Director - Site Reliability Engineering (REF14563M) - Visa Digital Developer Platform (VDDP)

Full-time

Job Family Group: Technology and Operations

Company Description

Common Purpose, Uncommon Opportunity. Everyone at Visa works with one goal in mind – making sure that Visa is the best way to pay and be paid, for everyone everywhere. This is our global vision and the common purpose that unites the entire Visa team. As a global payments technology company, tech is at the heart of what we do: Our VisaNet network processes over 13,000 transactions per second for people and businesses around the world, enabling them to use digital currency instead of cash and checks. We are also global advocates for financial inclusion, working with partners around the world to help those who lack access to financial services join the global economy. Visa’s sponsorships, including the Olympics and FIFA™ World Cup, celebrate teamwork, diversity, and excellence throughout the world. If you have a passion to make a difference in the lives of people around the world, Visa offers an uncommon opportunity to build a strong, thriving career. Visa is fueled by our team of talented employees who continuously raise the bar on delivering the convenience and security of digital currency to people all over the world. Join our team and find out how Visa is everywhere you want to be.

Job Description

Site Reliability Engineering (SRE) is an engineering discipline that combines software and systems engineering to build and run large-scale, massively distributed, fault-tolerant systems. The discipline was started at Google and at DDP, we want to run production using the same principles.
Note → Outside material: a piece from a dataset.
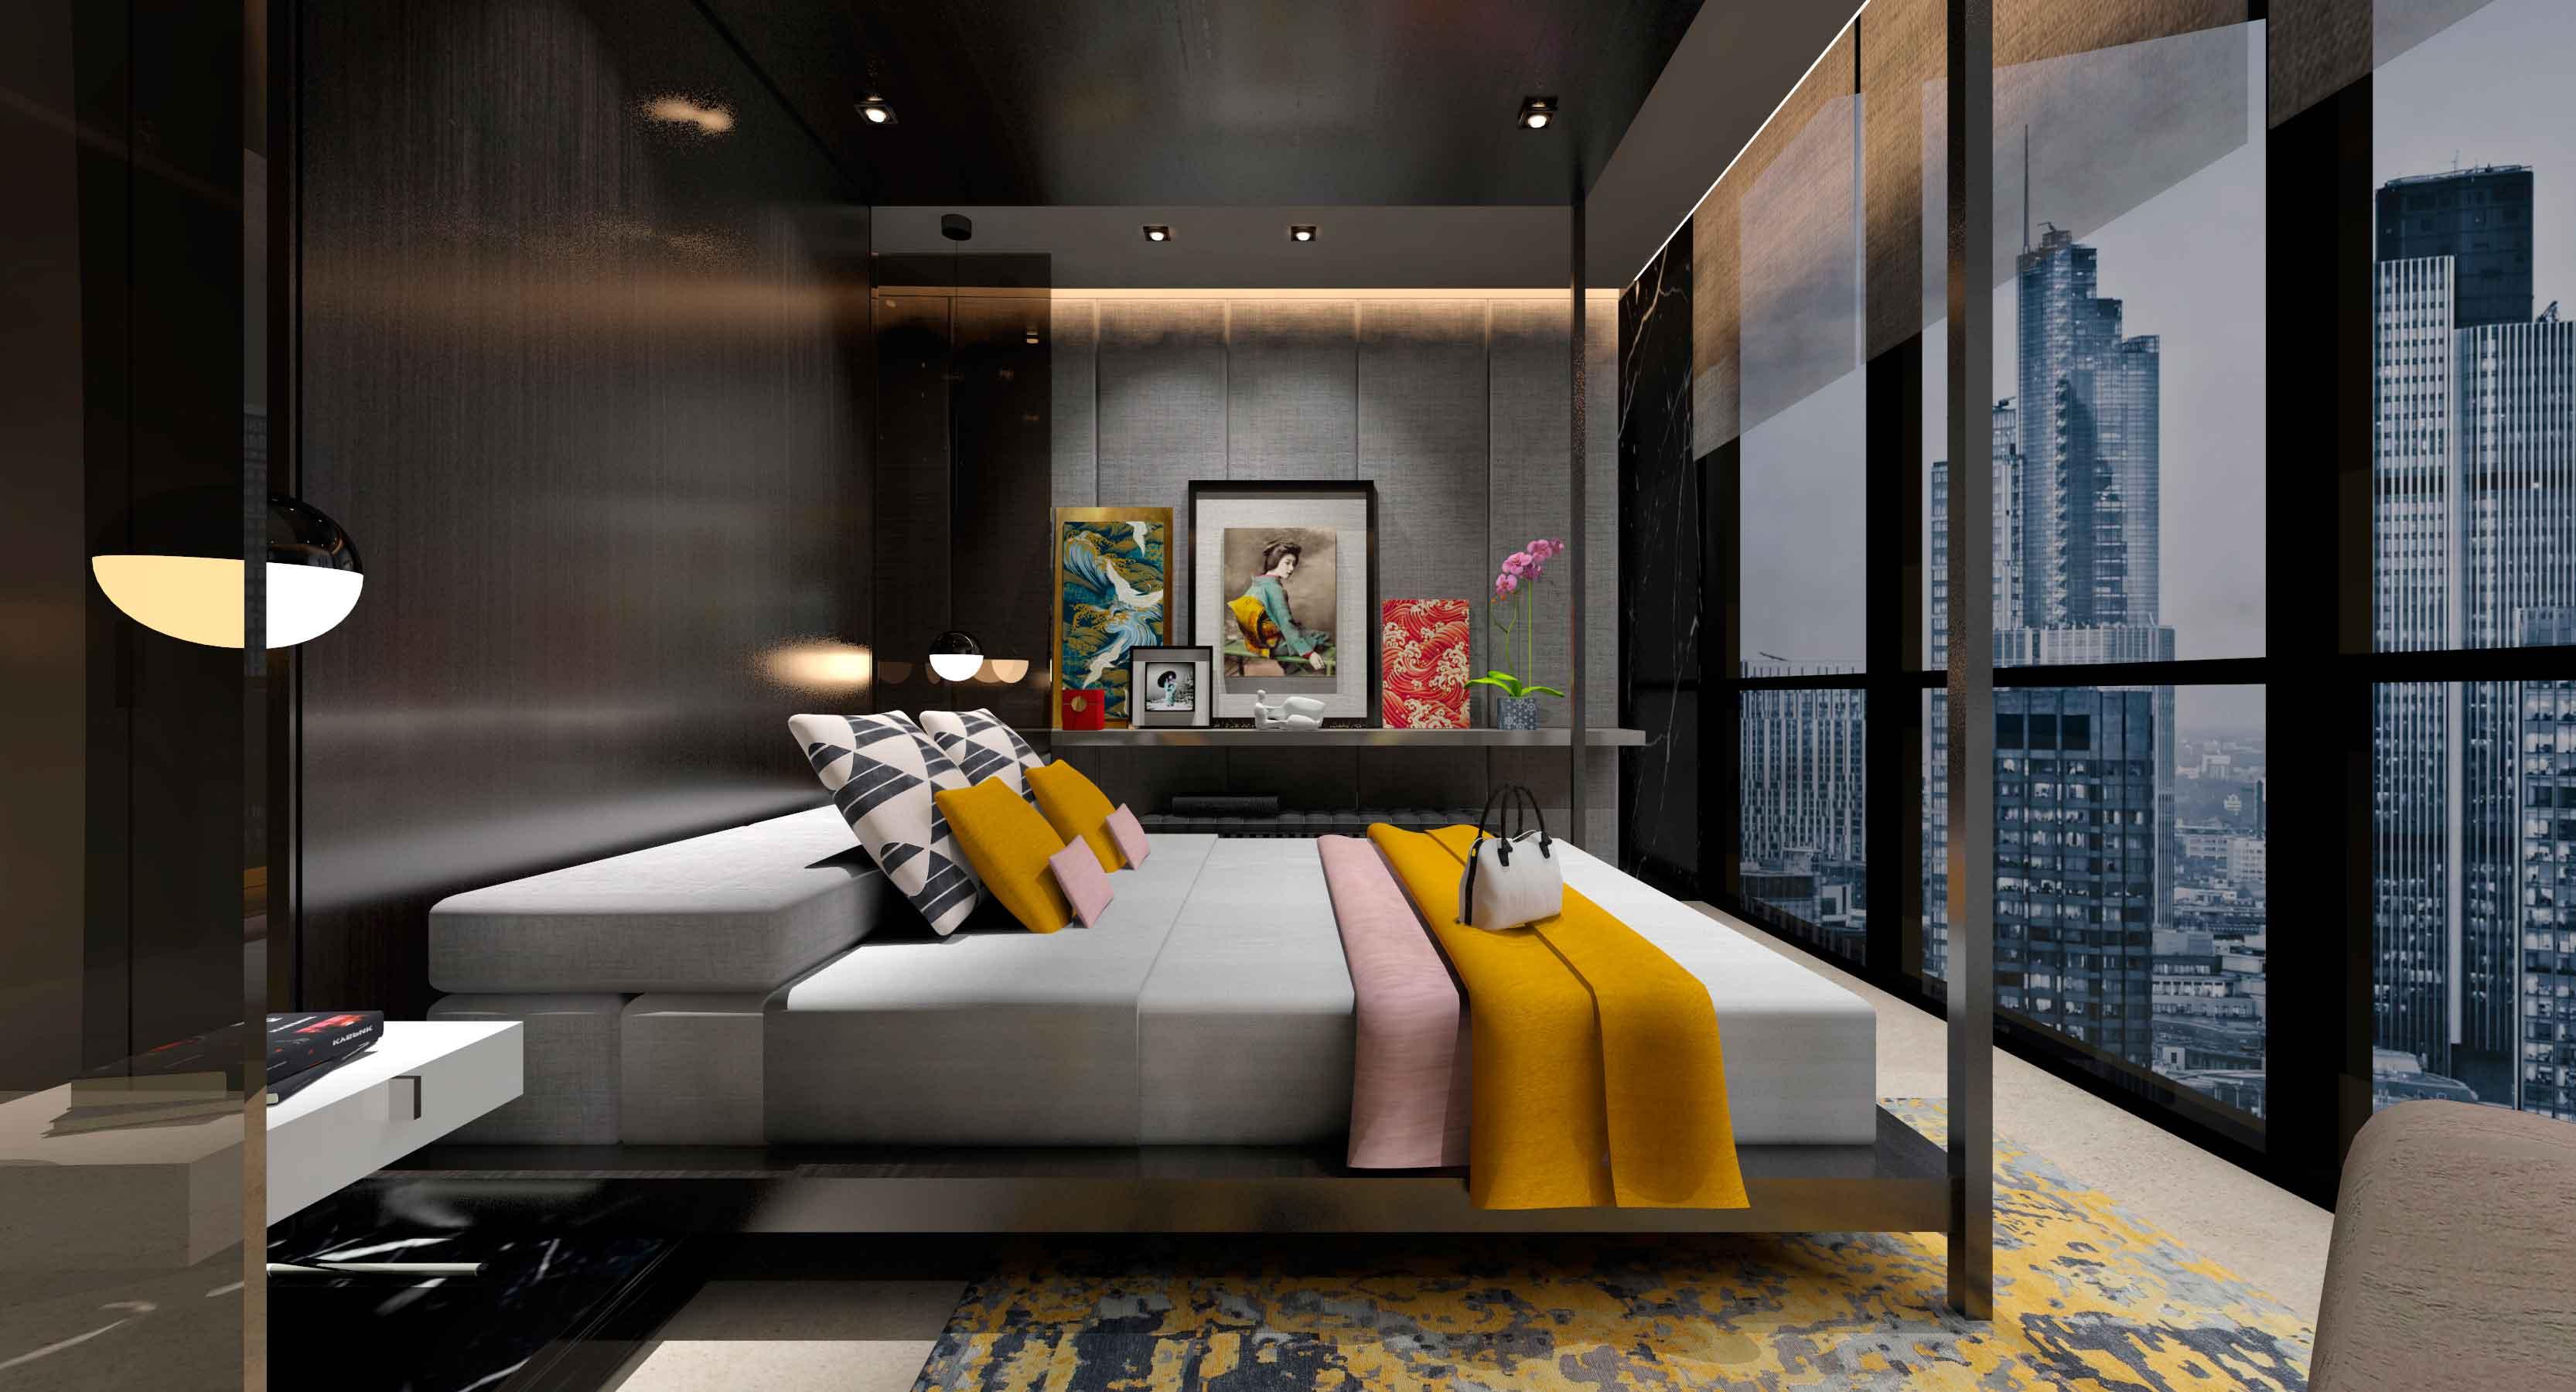 Habitación para hotel del proyecto Cosmópolis ganador de InterCIDEC 2017

SRE ensures that DDP services—both our internally critical and our externally-visible systems—have reliability and uptime appropriate to users' needs and a fast rate of improvement while keeping an ever-watchful eye on capacity and performance.

At Visa we’re hiring the very best and are committed to creating exceptional employee experiences. We realize that Site Reliability Engineering practices is the key to deliver successful enterprise scale web services and we looking for an exceptional engineering leader to operate as Director of Site Reliability Engineering (SRE). This is a visible position to start as a Experienced Site Reliability Engineer and potentially be the Future Manager of site reliability engineering practices.

The Ideal candidate for this role will have the following characteristics:

A record of building and managing highly talented engineering and operations teams, distributed globally, operating massive multi-tenant time-series applications
Expertise and experience in delivering large-scale systems using big data technologies including but not limited to: Enterprise scale Prometheus, Opentsdb, Hadoop, Spark, Kafka, and other relational and noSQL databases
Proven ability to design, deliver, measure, and manage enterprise scale systems to high availability
Well versed with engineering, QA and technical operations practices with agile application development and delivery vehicles
Experience with handling customer interactions, by being a creative problem solver for large enterprise client environments
Intellectual curiosity about the products that they help build, along with an eye toward the business growth is a must
Mathematical maturity and rigor in thinking about data, content and information retrieval paradigms
Camaraderie and ability to work with different global engineering teams with poise is highly desired
We require authentic and precise written and spoken communication skills
Undergraduate/Graduate degrees in quantitative sciences/engineering disciplines is required
8+ years of experience in product development engineering organizations, at least half of which being in a managerial role is required

Qualifications

Required Qualification:

BS or MS degree in Computer Science and minimum 8 years of experience including at least 2 years in people management
Experience with algorithms, data structures, complexity analysis and software design
Experience in one or more mainstream programming languages

Preferred qualifications:

Interest in designing, analyzing and troubleshooting large-scale distributed systems.
Systematic problem-solving approach, coupled with strong communication skills and a sense of ownership and drive.
Ability to debug and optimize code and automate routine tasks.
People management experience a plus

Additional Information

All your information will be kept confidential according to EEO guidelines.